My experience with Elsevier, John Neumann, 27 Jan 2007
Another comment says that Nature is part of the problem, since it isn’t particularly open. I can attest that as recently as a year ago Nature was clueless about online access to their own material. I signed up, provided a credit card number, and then the parameters they sent me to log in didn’t work. Nine months it took them to admit there was a problem. Meanwhile they charged me more after I told them to cancel my account. Eventually they said they couldn’t refund my money; they could only give me six months of access. It seems to me that any organization that actually wanted to make content available through the Internet could do better than that.
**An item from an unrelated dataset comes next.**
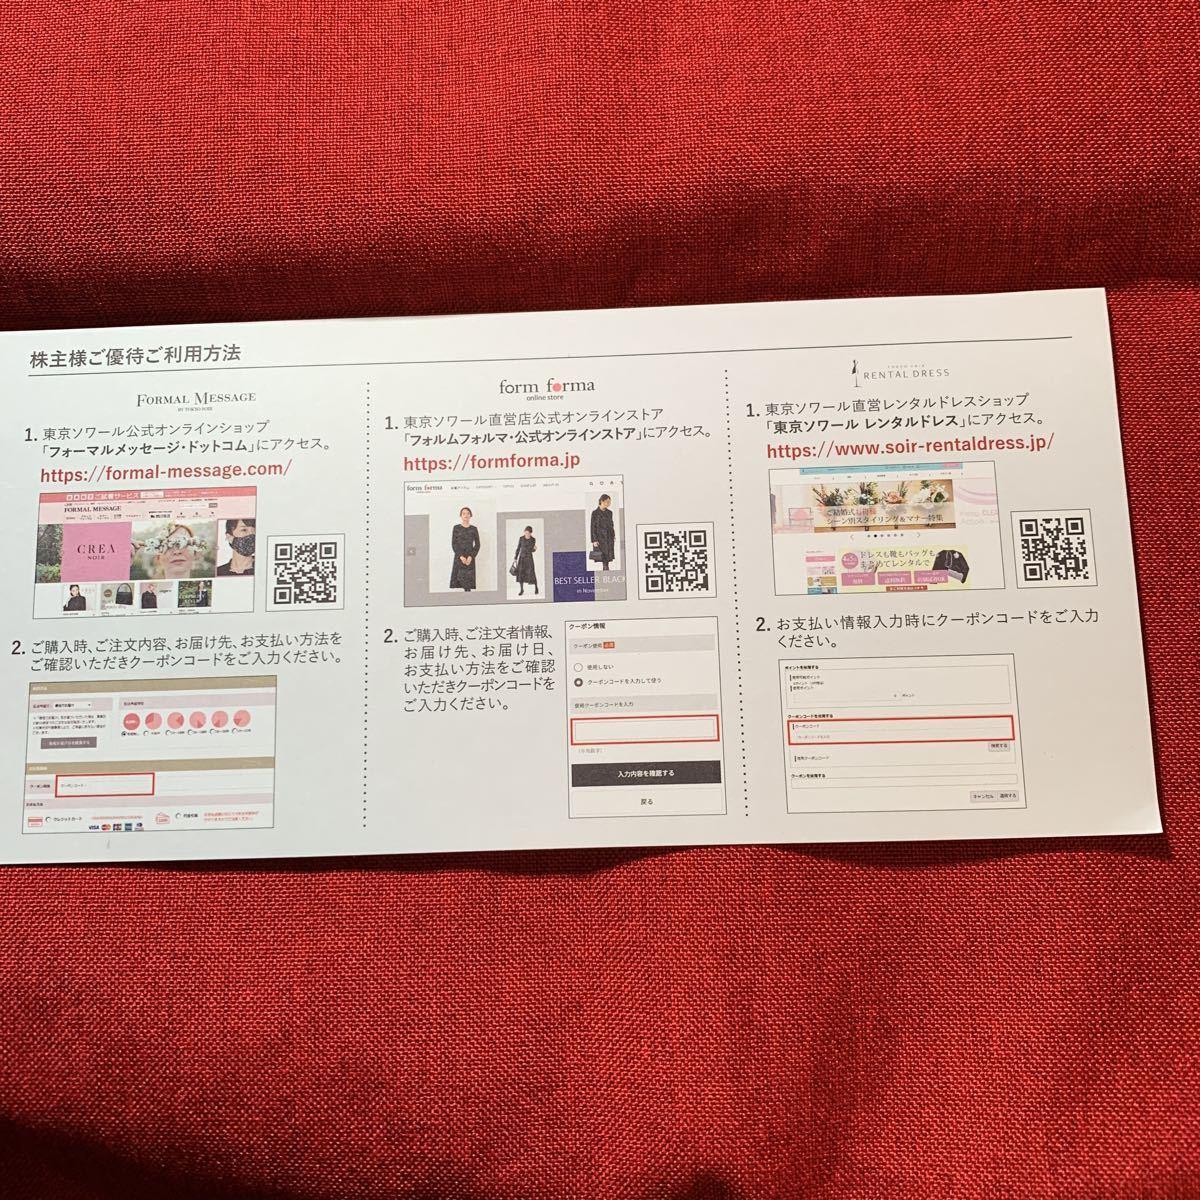 東京ソワール株主優待 公式オンラインショップ20%割引券1枚20210930 番号通知可_画像2

Anyway, sure we need to continue to pay people who produce, review, disseminate, index, and archive scientific information. But I don’t see why, given the Internet, that the methods have to be the same as in the age of Martin Luther, who used the newfangled printing technology to define his version of the German language (because he could, because he controled the publication process of the German Bible), or of Newton and Leibniz, in which paper journals were the fastest way to distribute and archive scientific information. Pretending that publication methods that evolved to fit one set of technological communication media should be applied to a different set of media isn’t good risk management. Not good for the old journals themselves, who will lose in the end if they can’t adapt and augment themselves. Not good for the rest of us, who won’t get as much good science. Probably not even good risk management for Indian vultures.
-jsq
PS: Thanks, Willie.
Mr. Quarterman, the Atlanta Nights and Crack of Doom sting operations weren’t aimed at any real publishing houses. They were intended as demonstrations that their actual target, Publish America, is a vanity operation.
PA regularly claims to be a “traditional publisher.” They also claim to be picky about what they publish. Neither claim is true. PA doesn’t select, edit, market, distribute, or support their books. They’ll publish anything that’s longer than a pamphlet, is not in journal format, hasn’t already been published elsewhere, and isn’t obviously deranged gibberish. And every year, they suck thousands of would-be authors into exploitive publishing arrangements that have no hope of success.
After years of patiently explaining these facts to newbie writers, mostly in the forums on Absolute Write, a group of writers loosely affiliated with Writer Beware and SFWA decided a more vivid demonstration was in order. Thus was born Atlanta Nights (“A bad book written by experts”), and later Crack of Doom. Both books were promptly offered contracts by Publish America.
In short, while the two projects accomplished exactly what they set out to do, neither had anything to do with the real publishing industry. It would be an error to see them as evidence of its current state.
Hello?
Thanks, Teresa.
So apparently many people can’t tell the difference between the vanity publishers and real publishers.
Meanwhile, many people seem to think that all open access scientific publications are similar to vanity presses.
Plenty of confusion to go around.
-jsq
The traditional academic market behaves a similar way, with obsessive attention to citings, resulting in the arisal of cabals running conferences, and eventually conferences that just run so anyone can get published, thus bypassing the inwards-looking gatekeeping and keeping expenses lower.
The fact that these mechanisms do nothing to improve the actual content doesn’t seem to enter into it.
fristlty i wanna say that the scientist will never get confused and as they fight agaist those cooks who want that sceince should be daily news paper.